The excel spreadsheet has a few different pages on it. The first page is set up as an input form, laid out exactly like the scoring sheet. It has a nice, large "Submit" button on it that launches a macro. The macro takes the input form and condense it into a single line on the second sheet, then clears the form for the next entry. The second sheet is basically a large table with 1 row per robot per match (so 6 rows per match, 1 for each robot), and is essentially the raw data for each team. From there we can fire off another macro to condense each team into a single line on the third page - essentially a summary view with information like average tubes scored, average minibot position, and calculations like the OPR that's often talked about here.
All of this lets us sort the data in various ways to see how good teams are, what position they played most often (defense or offense), and forms the basis for our strategy going into every match.
We can also use this for alliance selection. Once we determine what specific stats we want on the team (for example, a second offensive robot and a defensive robot), we have another macro that will simply list the teams in preferred order by that stat.

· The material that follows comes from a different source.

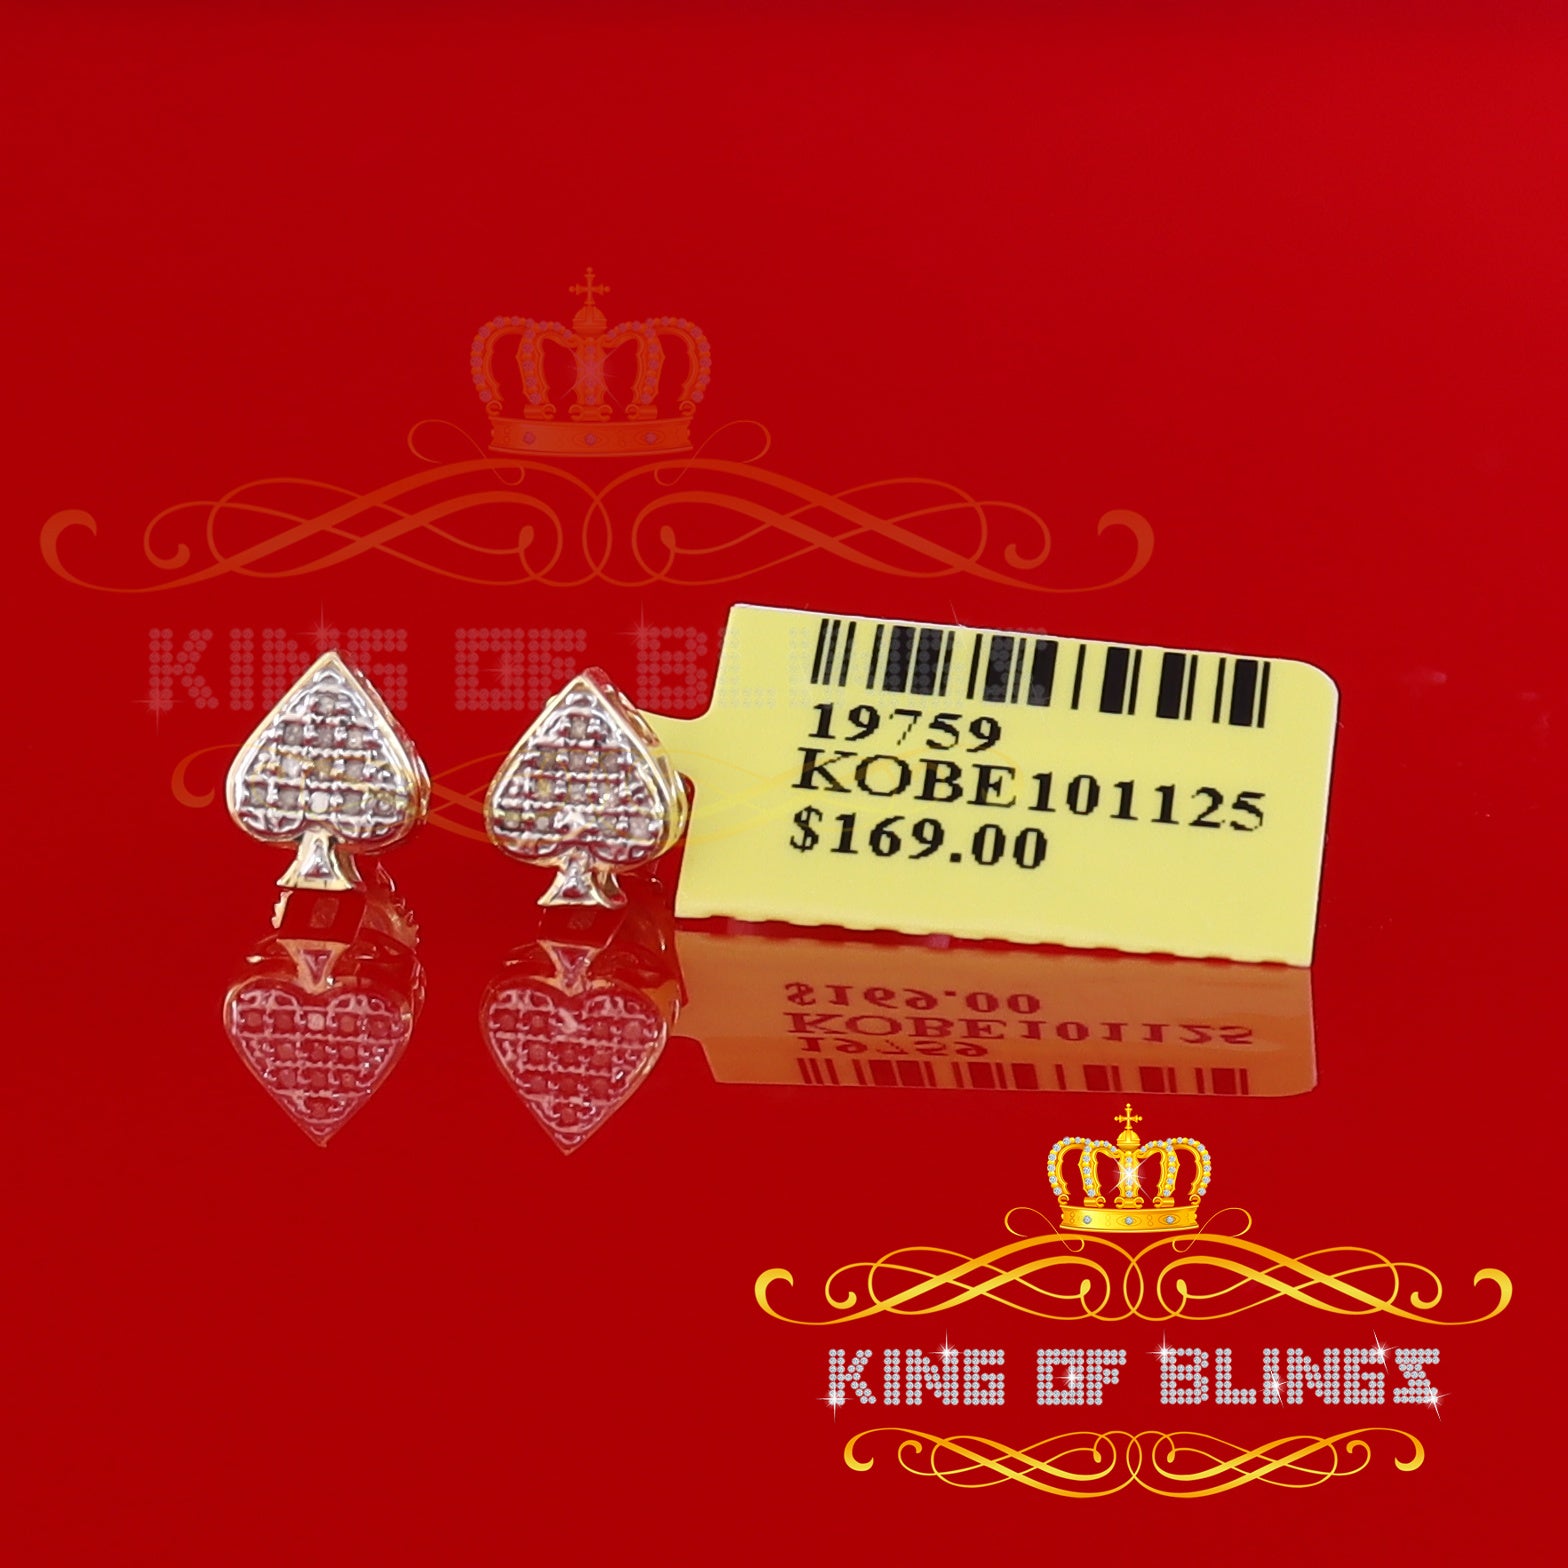 King of Blings-925 Sterling Silver Yellow 0.05ct Diamond For Women's & Men's Stud Heart Earring KING OF BLINGS

As alliance selection continues, we input selected team numbers in another column and they are automatically removed from our list. That way, it's a simple matter of reading the number off the top of the list to pick an alliance member. We also have a separate list of "preferred" teams we work well with (based on driver input), and a "blacklist" of teams the drivers feel we don't work effectively with (lets face it... Even though this is FIRST, not every team is going to have the same concept of how an alliance should work together, and some of those concepts, regardless of how good they are or the results they end up with, clash).
The biggest issue we have is making sure we get the information to those who need it (like the drive team) in a timely manor.
Perhaps the best part of the spreadsheet is our ability to expand it very rapidly. If, at some point, we gain the ability to go paperless, we can have 6 laptops/netbooks loaded up with the spreadsheet and everyone entering data directly. Then we just have to take each spreadsheet and copy the second page into a common "master" sheet - the rest of the work can then be done by launching a macro.